● **INFORMATION SHOWN**:

________

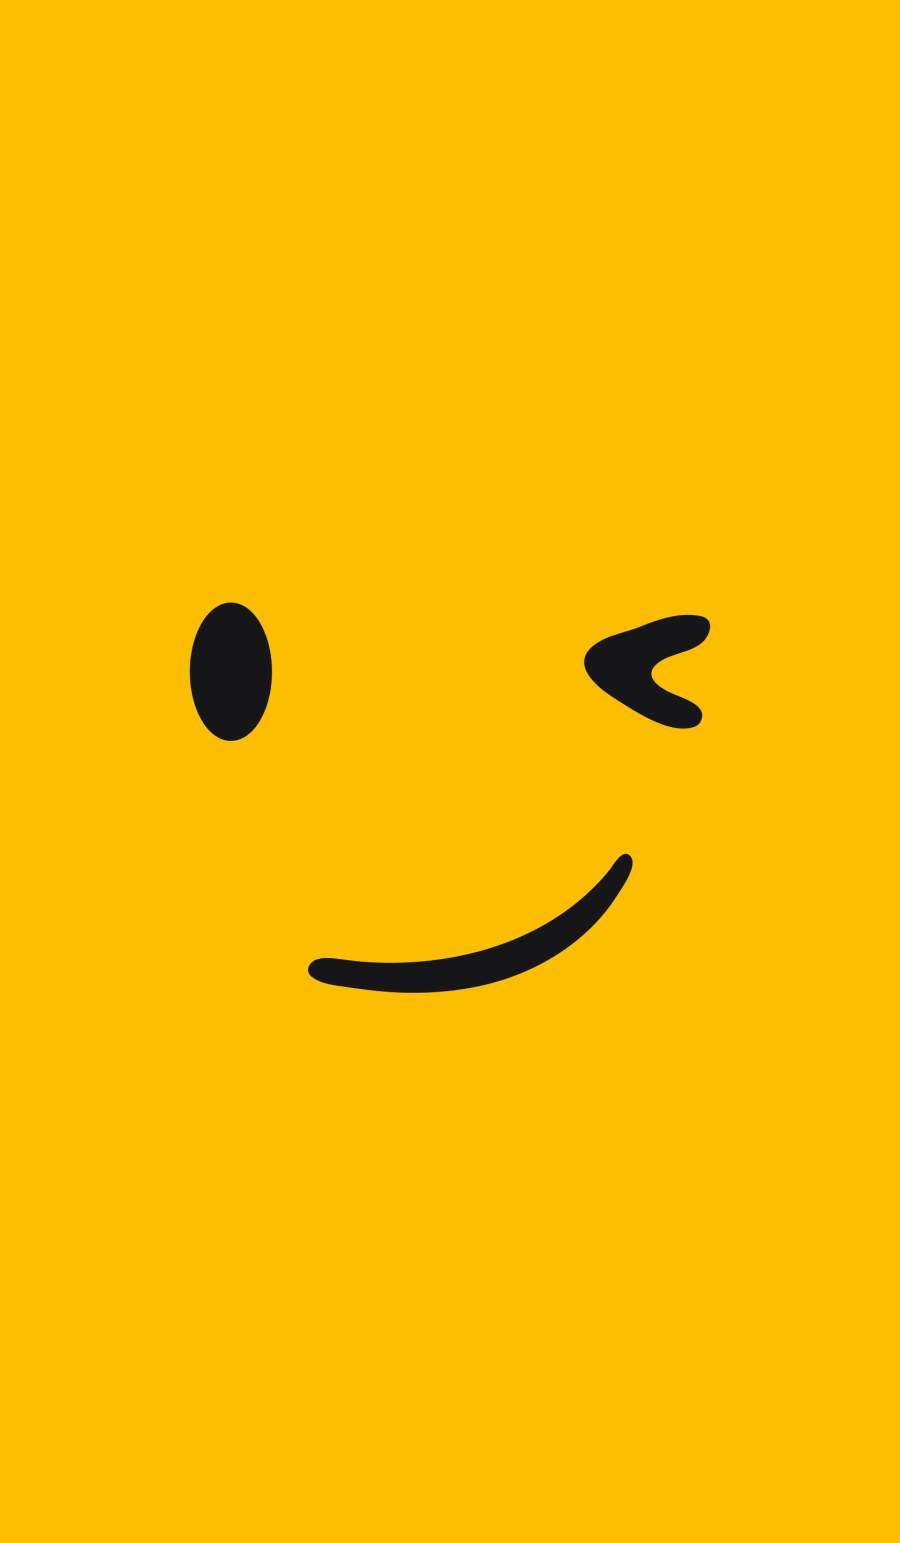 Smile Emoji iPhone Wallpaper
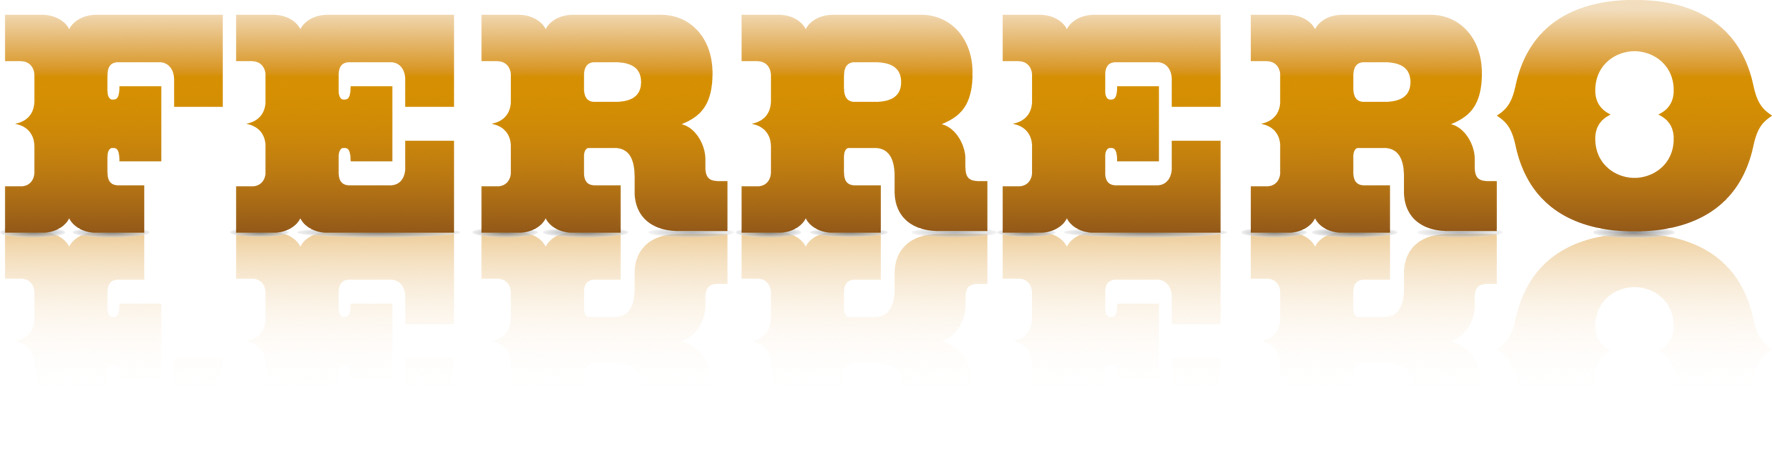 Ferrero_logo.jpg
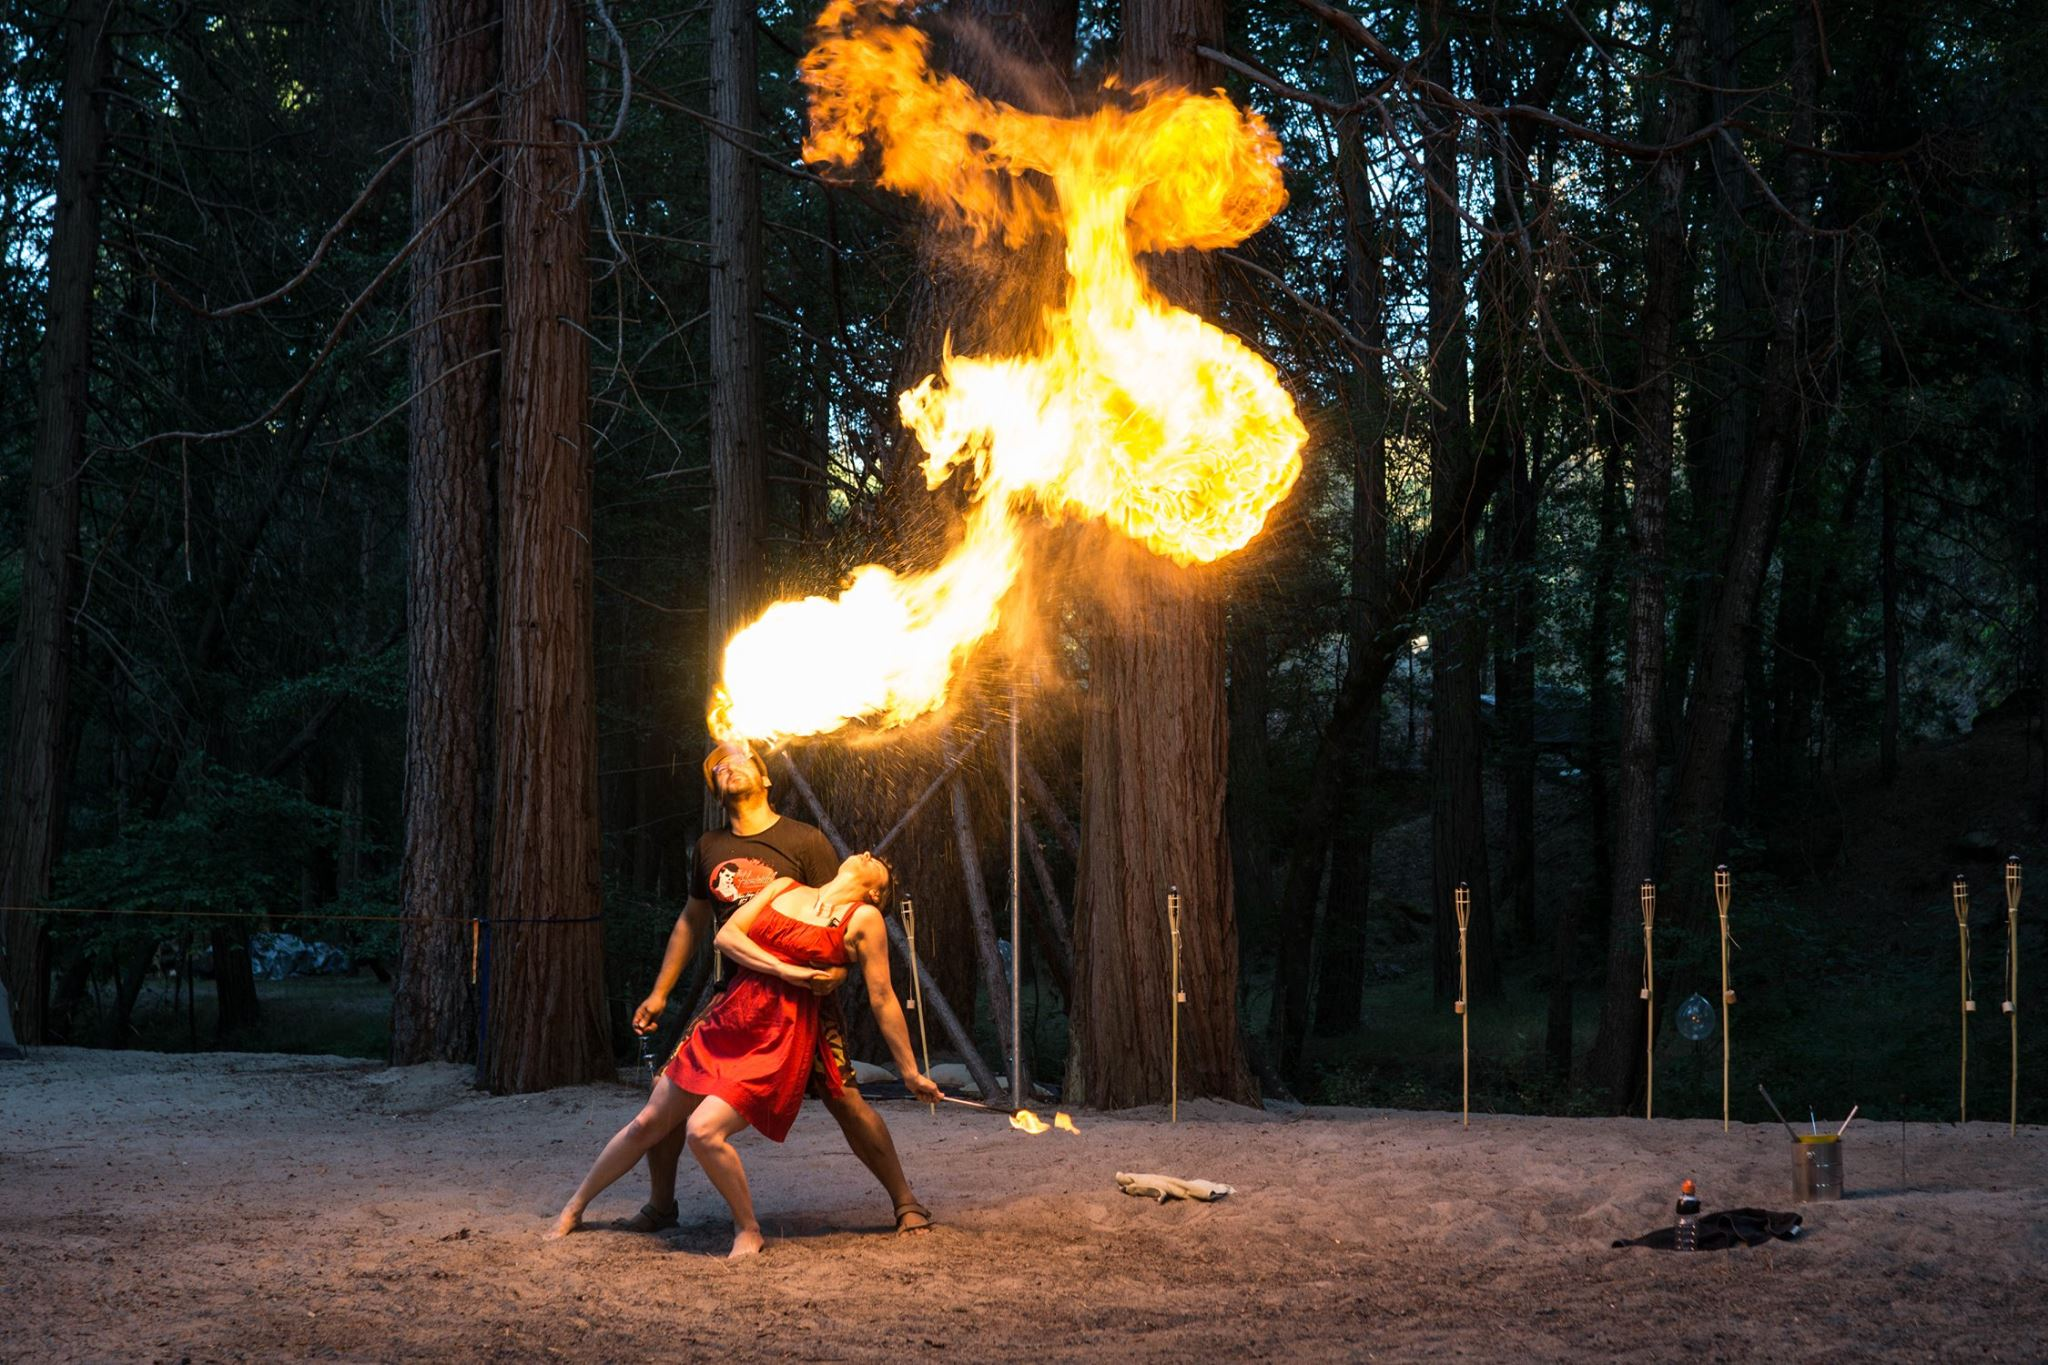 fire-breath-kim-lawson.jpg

________

● **WORK REQUEST**: Each line of the material above should be set down exactly, with no pictures.

● **SOLUTION FOR THIS PROBLEM**:
 Smile Emoji iPhone Wallpaper
 Ferrero_logo.jpg
 fire-breath-kim-lawson.jpg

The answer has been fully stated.